-- TASK TO CARRY OUT --
Taking the line with "St Croix Classic" as the first and the last line of the listing as the final one, please copy exactly those lines and no others, without pictures.

-- DATA BLOCK --

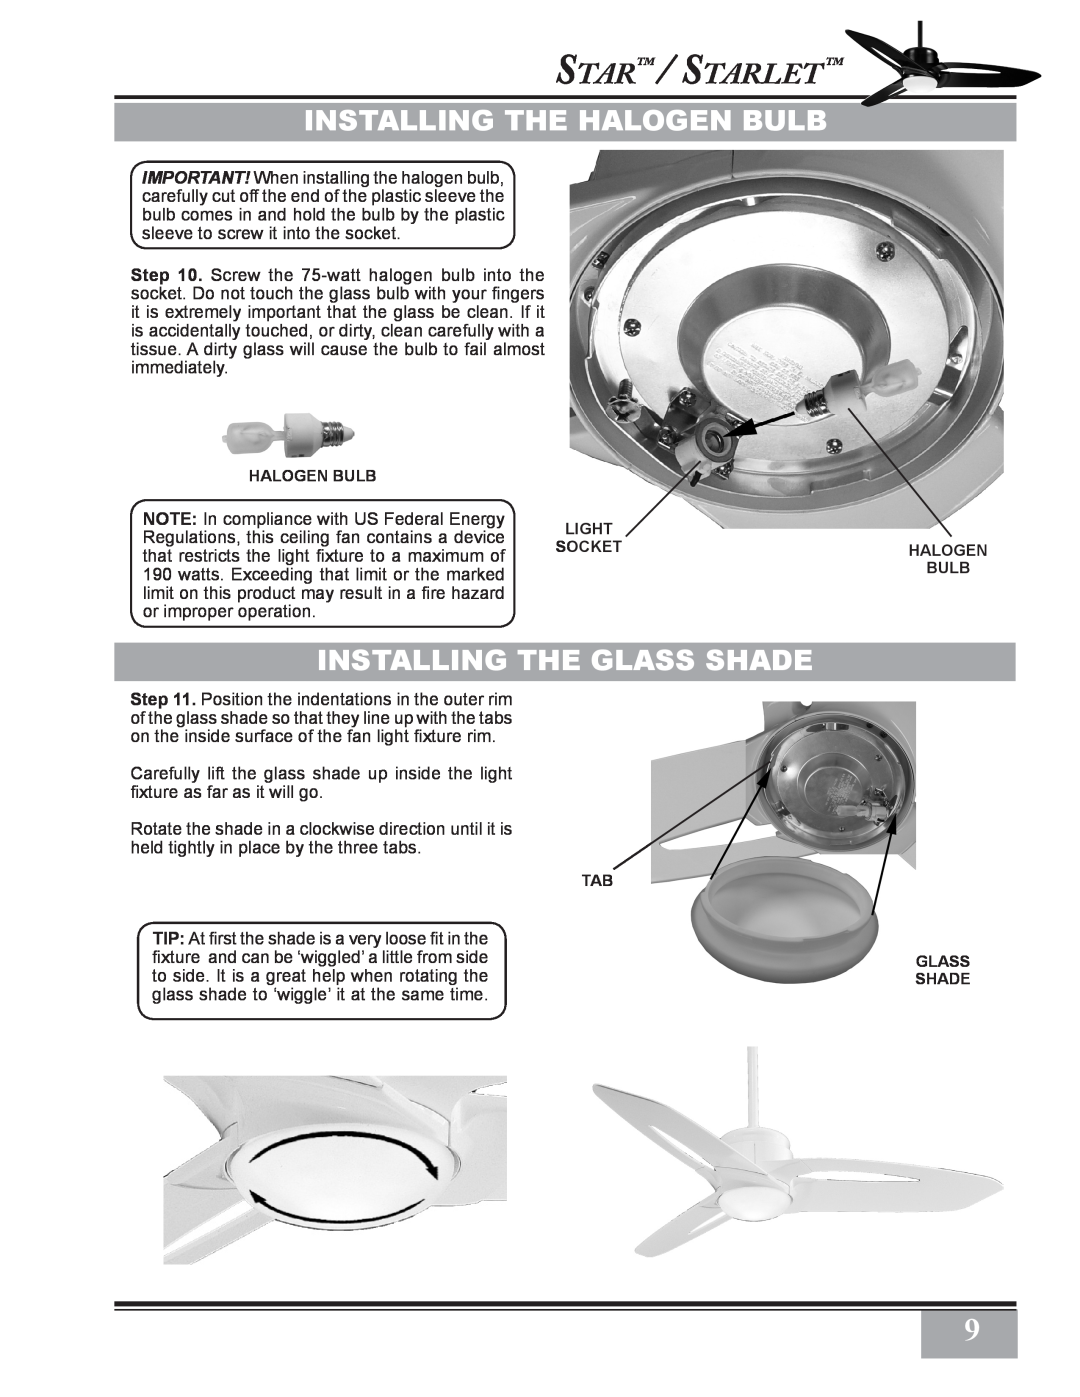 Casablanca Fan Company C28GXXM warranty Installing The Halogen Bulb, Installing The Glass Shade, Star / Starlet 
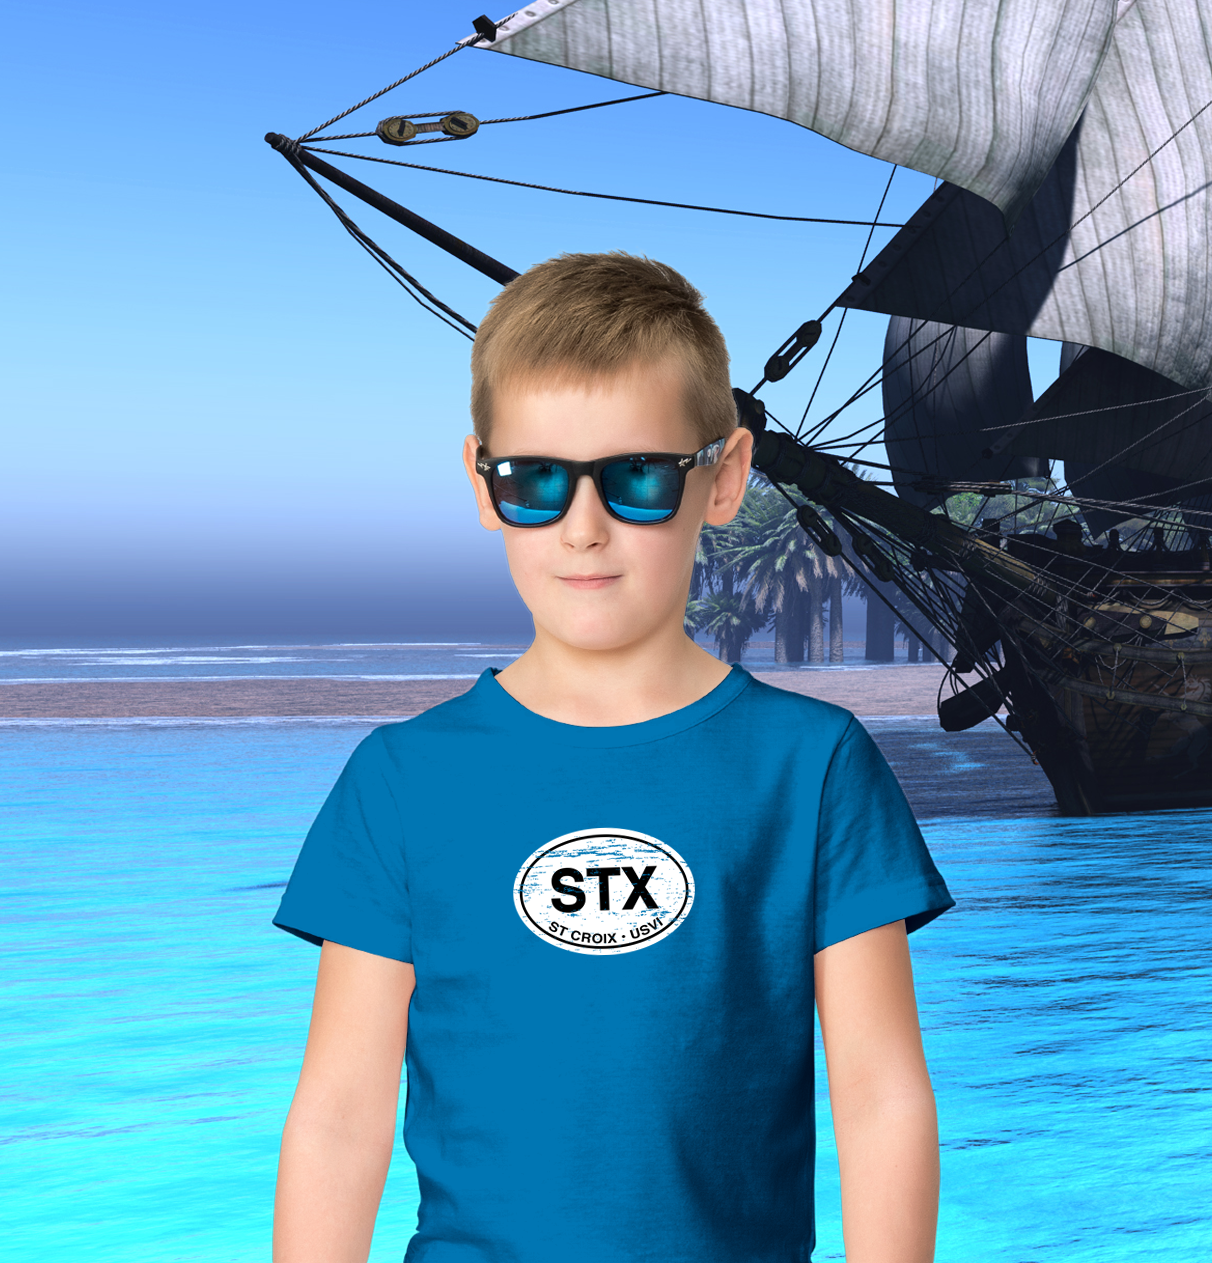 St Croix Classic Youth T-Shirt - My Destination Location
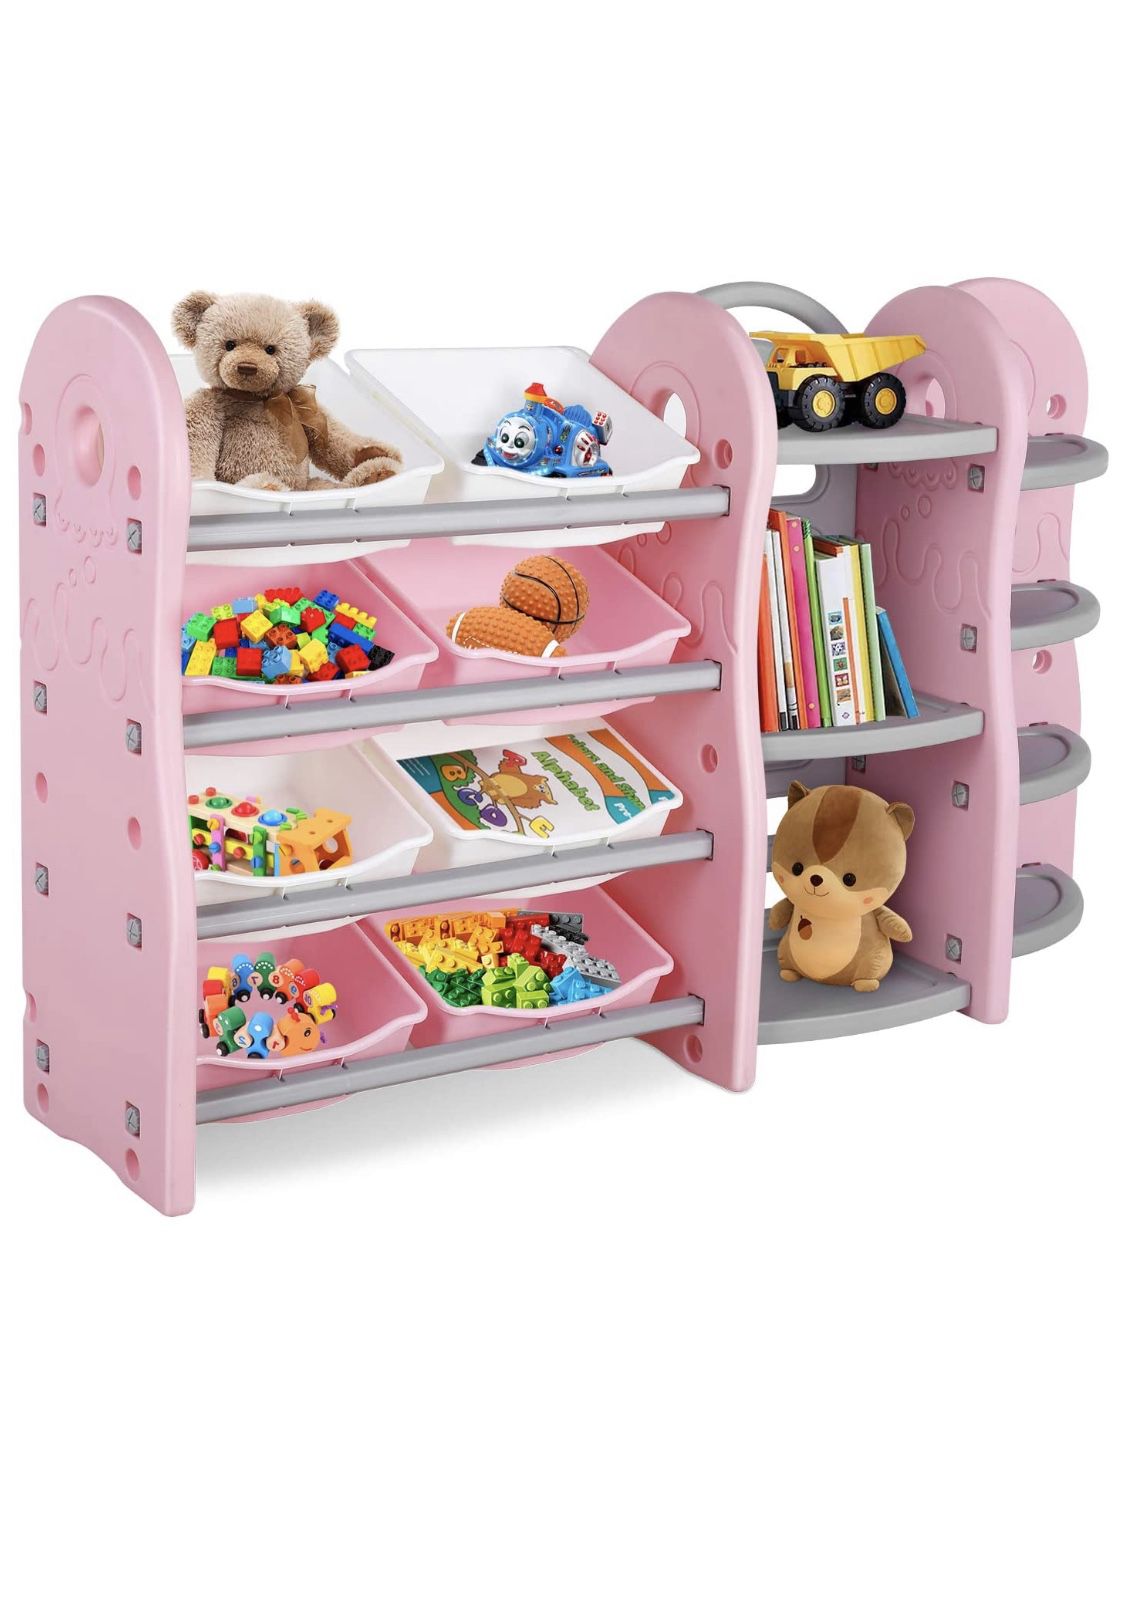 Kids Toys Shelf Organization

-- WRITTEN ANSWER --
 St Croix Classic Youth T-Shirt - My Destination Location
 Kids Toys Shelf Organization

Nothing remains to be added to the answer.